Content-Disposition: inline
User-Agent: Mutt/1.9.4 (2018-02-28)
X-VR-OUT-STATUS: OK
X-VR-OUT-SCORE: 0
X-VR-OUT-SPAMCAUSE: gggruggvucftvghtrhhoucdtuddrgeduhedrudefiedguddttdcutefuodetggdotefrodftvfcurfhrohhfihhlvgemucggtfgfnhhsuhgsshgtrhhisggvpdfftffgtefojffquffvnecuuegrihhlohhuthemuceftddtnecunecujfgurhepfffhvffukfhrgggtuggfsehttdertddtredvnecuhfhrohhmpefpihgtohcuhghilhhlihgrmhhsuceonhhitghosegtrhihphhtohhnvggtthhorhdrtghomheqnecuggftrfgrthhtvghrnhepgfevleeuueegheeihefhieevffekgfejvddtieegueffieeivdekjeegfffgheefnecukfhppedvgedrvdekrddutdekrddukeefnecuvehluhhsthgvrhfuihiivgeptdenucfrrghrrghmpehmohguvgepshhmthhppdhhvghloheplhhotggrlhhhohhsthdpihhnvghtpedvgedrvdekrddutdekrddukeefpdhrvghtuhhrnhdqphgrthhhpefpihgtohcuhghilhhlihgrmhhsuceonhhitghosegtrhihphhtohhnvggtthhorhdrtghomheqpdhmrghilhhfrhhomhepnhhitghosegtrhihphhtohhnvggtthhorhdrtghomhdpnhhrtghpthhtohepnhhitghosegtrhihphhtohhnvggtthhorhdrtghomh
Archived-At: <https://mailarchive.ietf.org/arch/msg/nfsv4/aX8TaTjCCdusaKLrnp6DwWS5Xx8>
Subject: [nfsv4] Early review of draft-dnoveck-nfsv4-internationalization-01
X-BeenThere: nfsv4@ietf.org
X-Mailman-Version: 2.1.29
Precedence: list
List-Id: NFSv4 Working Group <nfsv4.ietf.org>
List-Unsubscribe: <https://www.ietf.org/mailman/options/nfsv4>, <mailto:nfsv4-request@ietf.org?subject=unsubscribe>
List-Archive: <https://mailarchive.ietf.org/arch/browse/nfsv4/>
List-Post: <mailto:nfsv4@ietf.org>
List-Help: <mailto:nfsv4-request@ietf.org?subject=help>
List-Subscribe: <https://www.ietf.org/mailman/listinfo/nfsv4>, <mailto:nfsv4-request@ietf.org?subject=subscribe>
X-List-Received-Date: Tue, 02 Jun 2020 06:07:21 -0000

I have reviewed draft-dnoveck-nfsv4-internationalization.
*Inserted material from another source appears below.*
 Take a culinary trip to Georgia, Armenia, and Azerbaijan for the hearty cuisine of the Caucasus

In my opinion, this draft is extremely important to the Internet
community and beyond, and should progress.  This being an early review,
perhaps I should stop there.

However, there is an important, long-running, low-volume debate to
finally settle here, and it has to be settled in the I18N community.
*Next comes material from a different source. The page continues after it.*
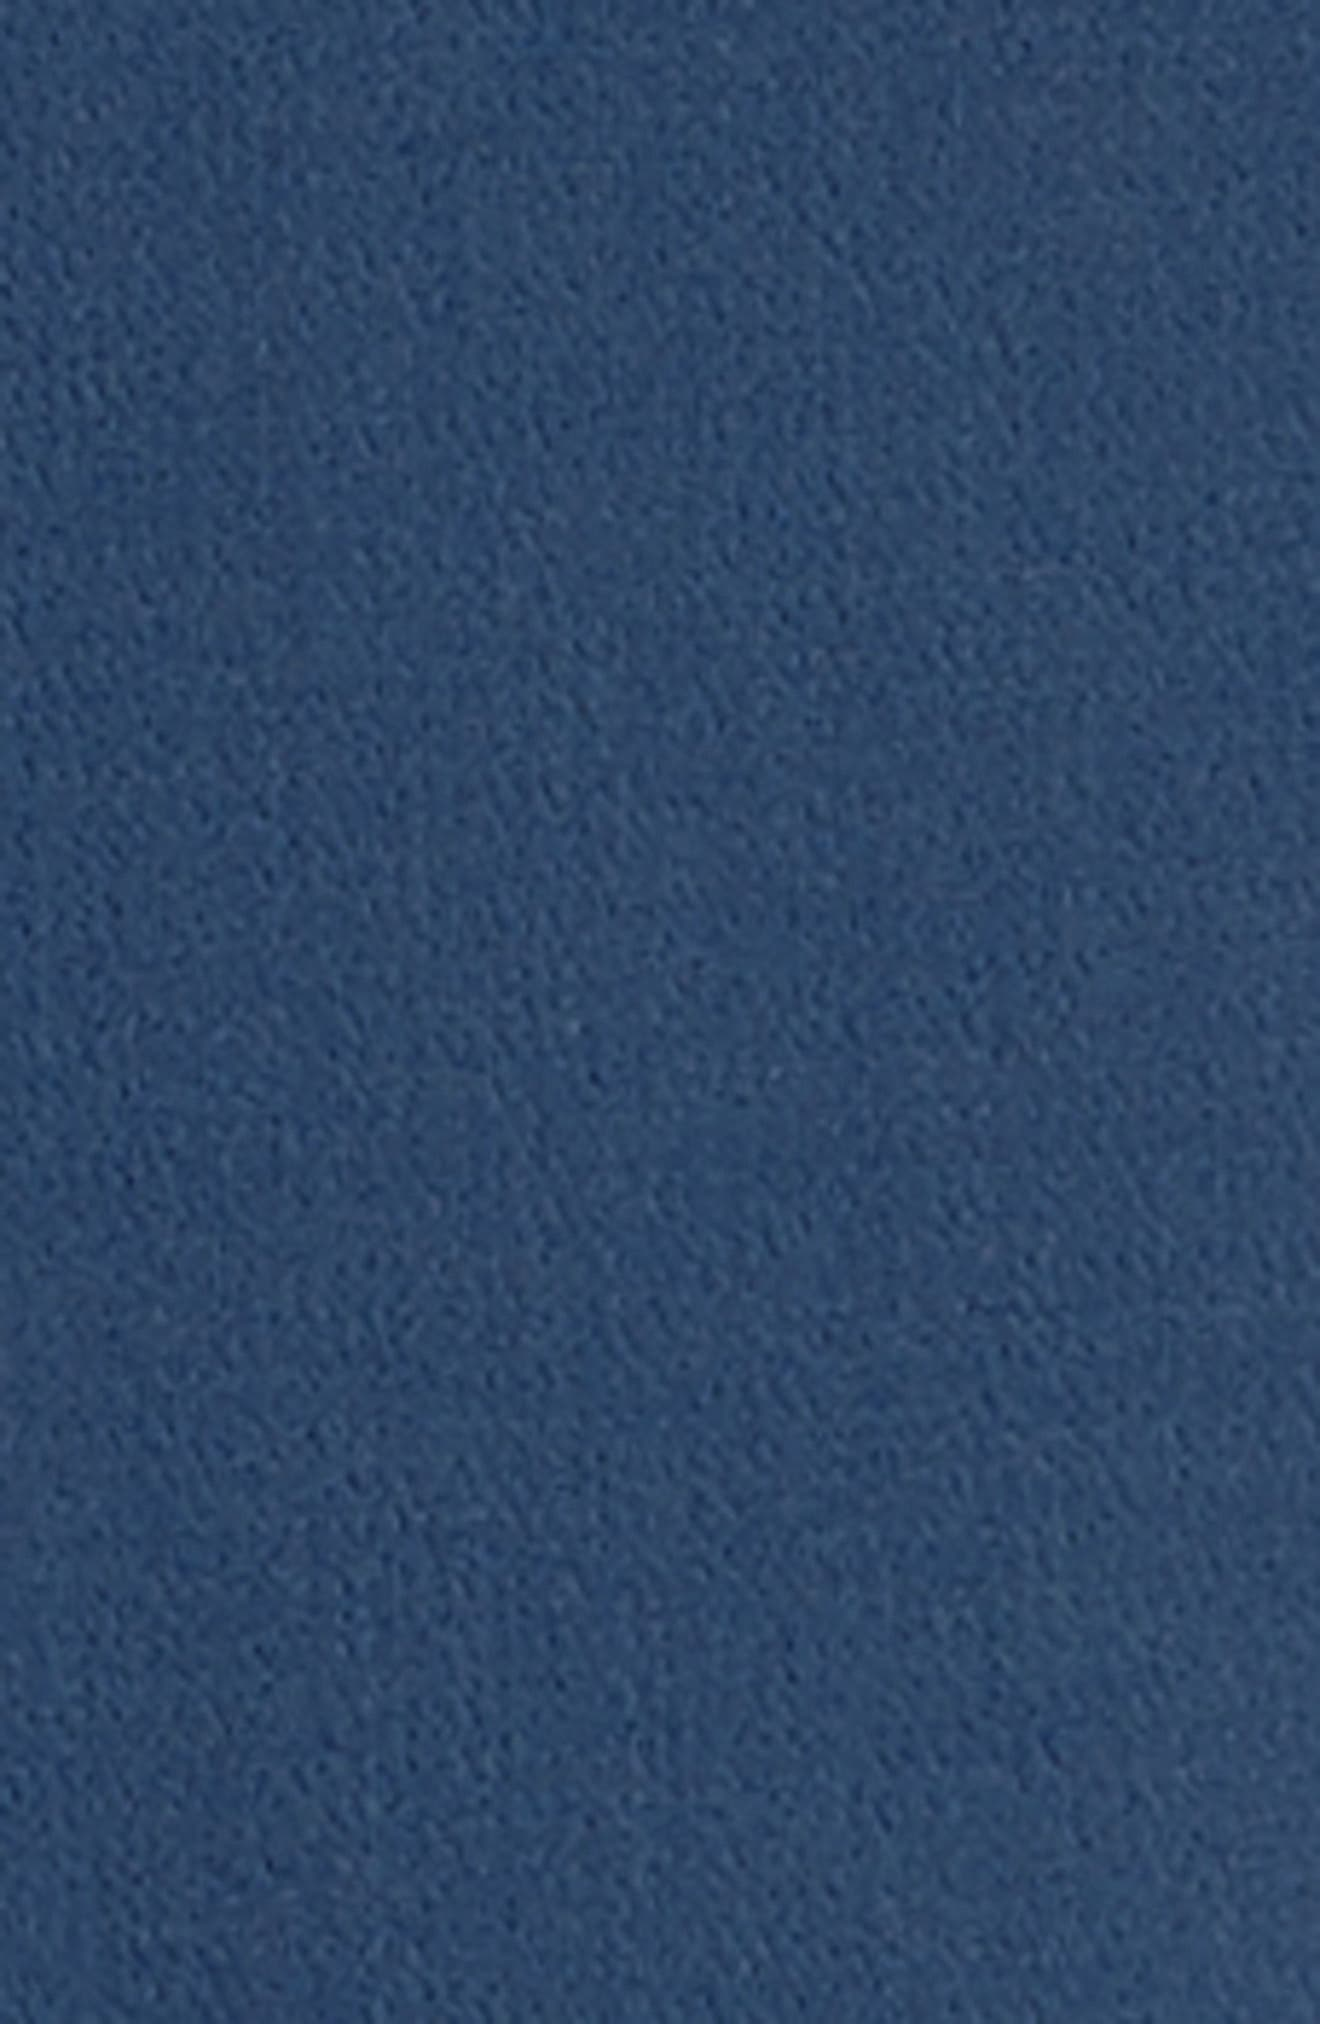 Double Face Wool Crepe Sheath Dress,                             Alternate thumbnail 5, color,                             Atlantic

The architectures and realities of the relevant operating systems makes
it impossible for us to practicably put the onus for I18N on the
filesystem _protocols_.  No, that onus can _only_ live in the
_filesystems_.  I cannot stress this enough.
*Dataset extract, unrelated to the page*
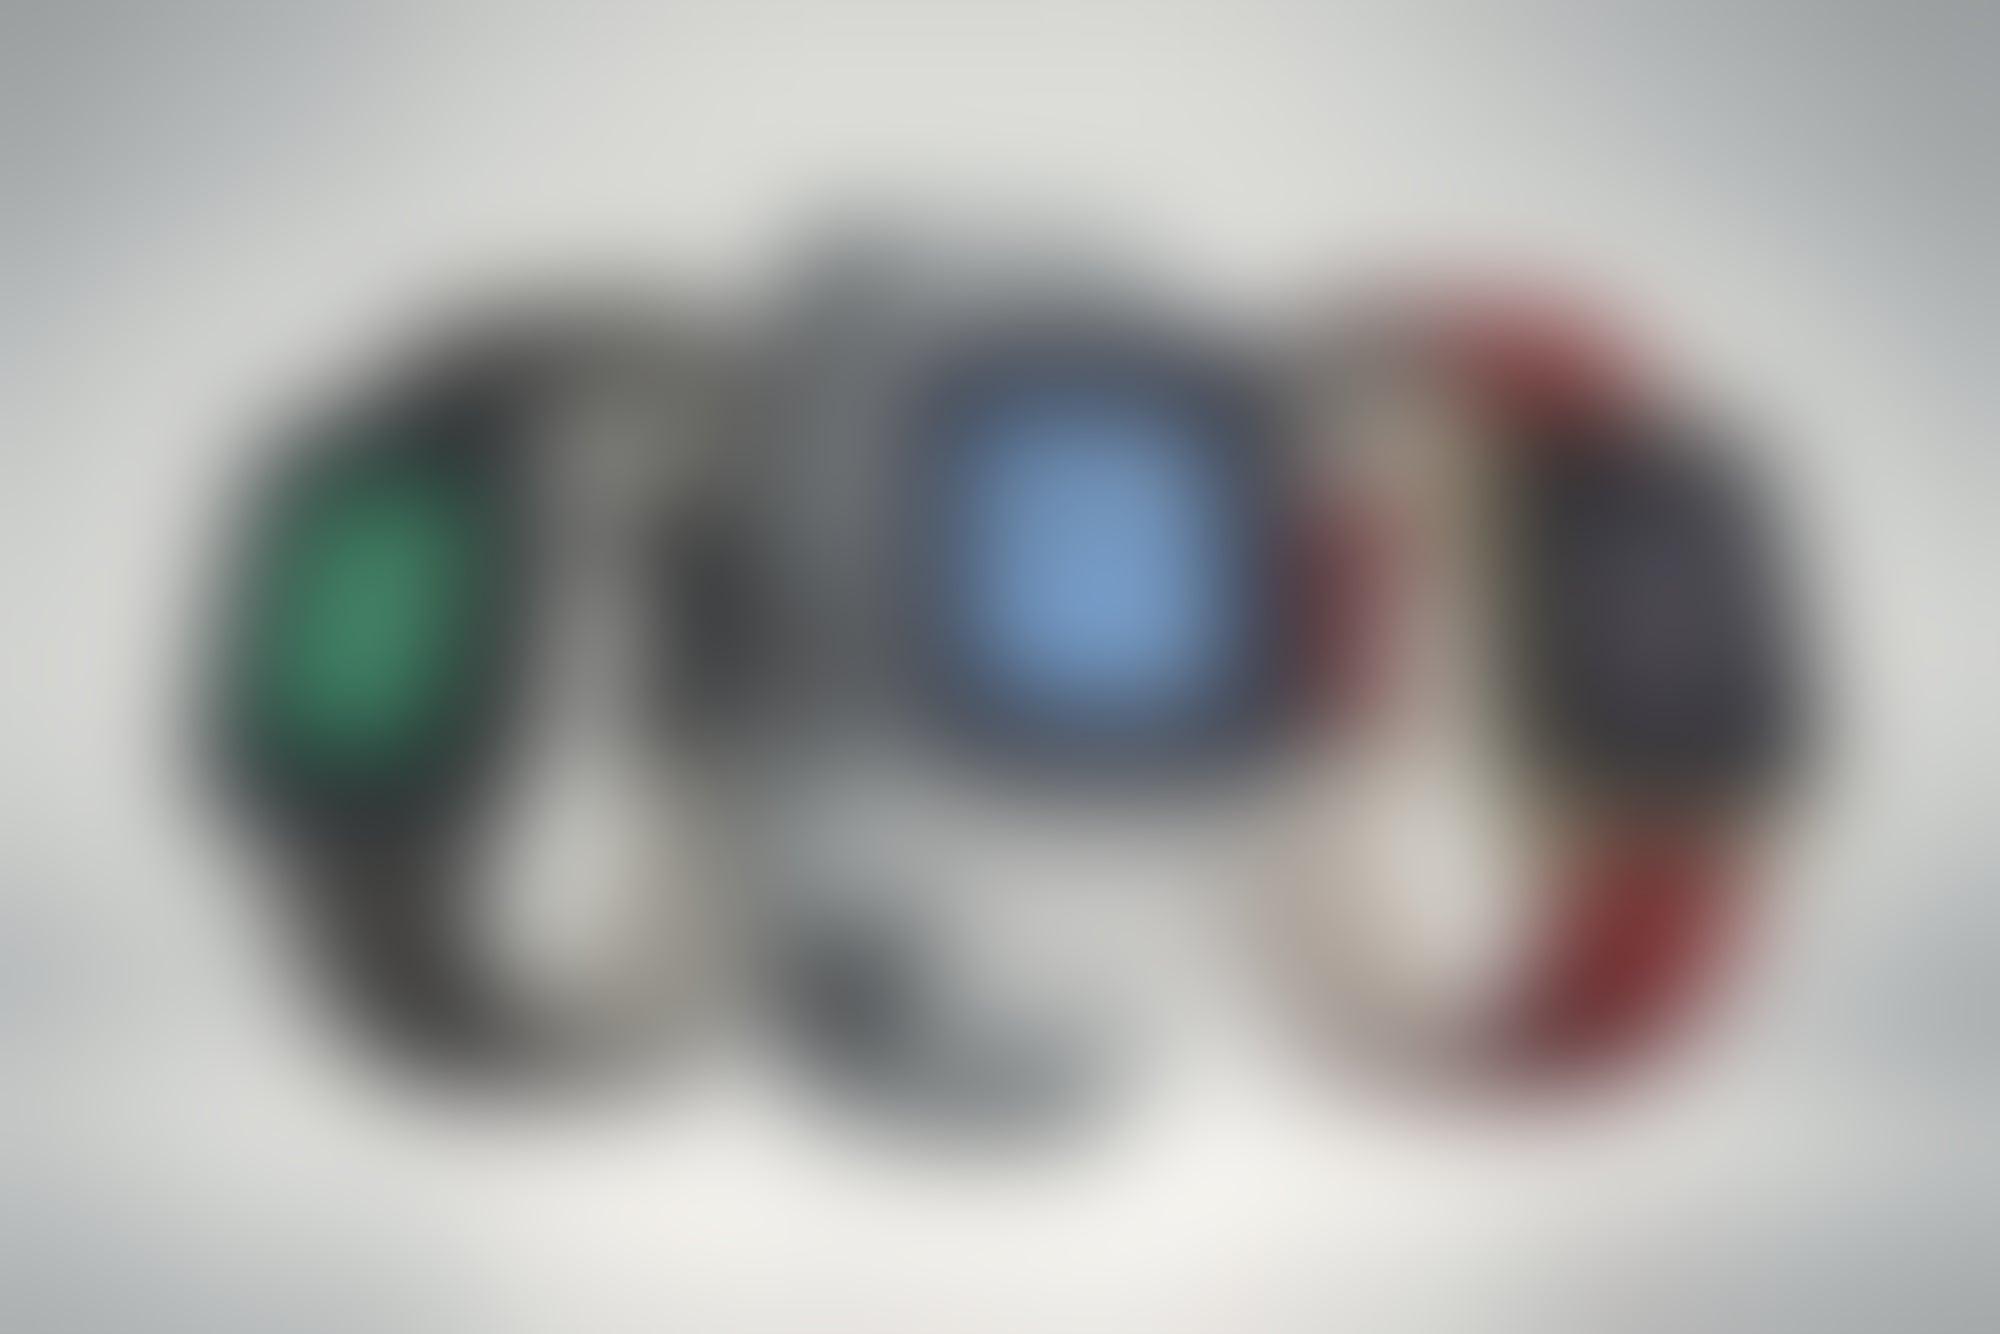 Pebble Time Hits $20 Million on Kickstarter

If you stop reading here, you can take just the above paragraph with you
and consider it carefully.  If you continue reading, please forgive me
for the length of this post.

The document at hand is almost entirely dedicated to convincing the
present audience of the above premise and fact.  Most of the first ten
pages are non-normative text, and when it gets to what happens in
reality... it's essentially still informative rather than normative
text.  The I-D even modifies the meaning of RFC2119 so it can pretend to
be normative while not really being normative, all so it can continue
the fiction that I18N belongs in NFSv4 (and what about WebDAV? and SFTP?
and ...?) and not in the filesystem.

These assertions may cause friction.  Therefore I seek to convince you,
as the author tries as well, but I want to go further: I want to stop
pretending that the filesystem _protocol_ can be responsible for I18N.
Even if this viewpoint ends up on the rough side of consensus, the
running code can. not. change.  Anyone who wishes to argue that we can
only target the protocols and not the filesystems needs to consider this
fact.

The architecture of that running code has been as it is for many decades
-- almost as many decades as there has been an Internet community!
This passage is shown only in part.